Otro estudio enfocado en el París de los siglos XIV y XV encuentra definidos como
marginados a los criminales, los doctos y estudiantes marginales, los mendigos y las
prostitutas, entre otros más (Geremek, 1971). Habrán de agregarse a estos grupos
desfavorecidos como los musulmanes, los eremitas, los indefensos, los campesinos,
los judíos, los presos políticos y rehenes, los prisioneros, los leprosos, los traidores,
los niños y los enanos (CUERMA, 1978). Finalmente Le Goff (1994) añadiría a esta
tipología a los herejes, los sodomitas, los tullidos e inválidos, los vagabundos, los
suicidas, los que tenían un oficio considerado “deshonesto” (como los carniceros, los
tintoreros y los mercenarios), los enfermos, los pobres, las mujeres, los viejos, los
bastardos, los usureros, los extranjeros y los venidos a menos.

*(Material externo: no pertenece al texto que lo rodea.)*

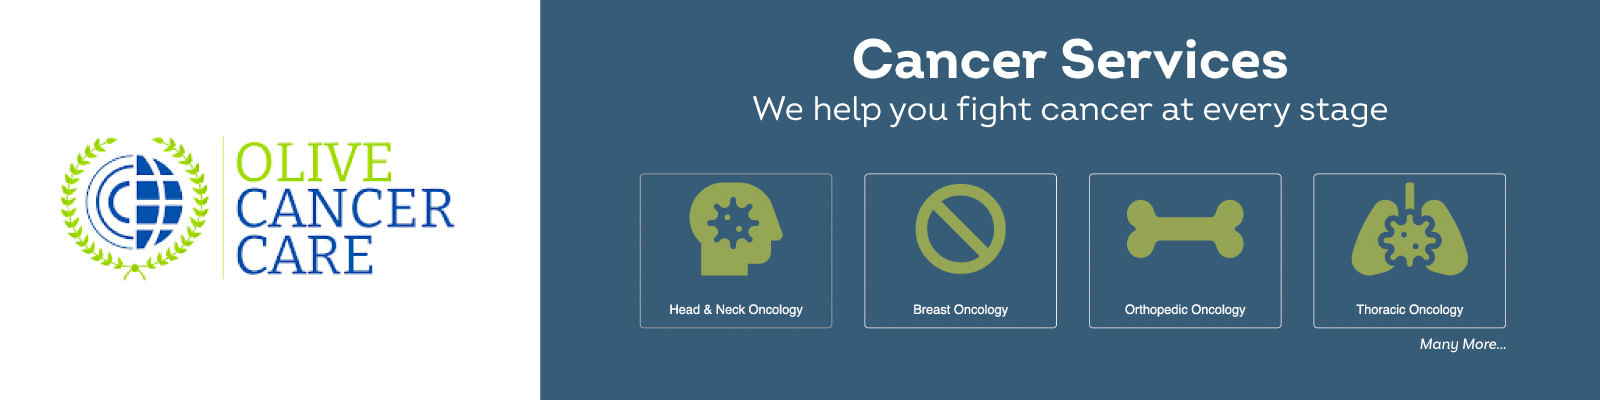 Olive Cancer Care

Como podemos observar, esta larga lista de personas consideradas “diferentes a la


normalidad” dejaba a pocos individuos el privilegio de no ser calificados como
marginados, además de que aún las personas consideradas “normales” en cualquier
momento estaban en peligro de cambiar su estatus debido a una eventualidad, sea
ésta un accidente, una enfermedad o una crisis económica familiar.1 De esta forma, la
intención ideológica por marcar, y con ello excluir, a algunos individuos o grupos
sociales muchas veces se basó en diferencias nacidas en el origen de estos sujetos,
su religión, su actividad laboral, su identidad, su preferencia sexual, sus características
corporales; y hasta diferencias biológicas naturales o de crecimiento individual como
los casos de las mujeres, los ancianos y los niños. Esto es ya un “común denominador”
en los procesos de integración/exclusión social a lo largo de la historia.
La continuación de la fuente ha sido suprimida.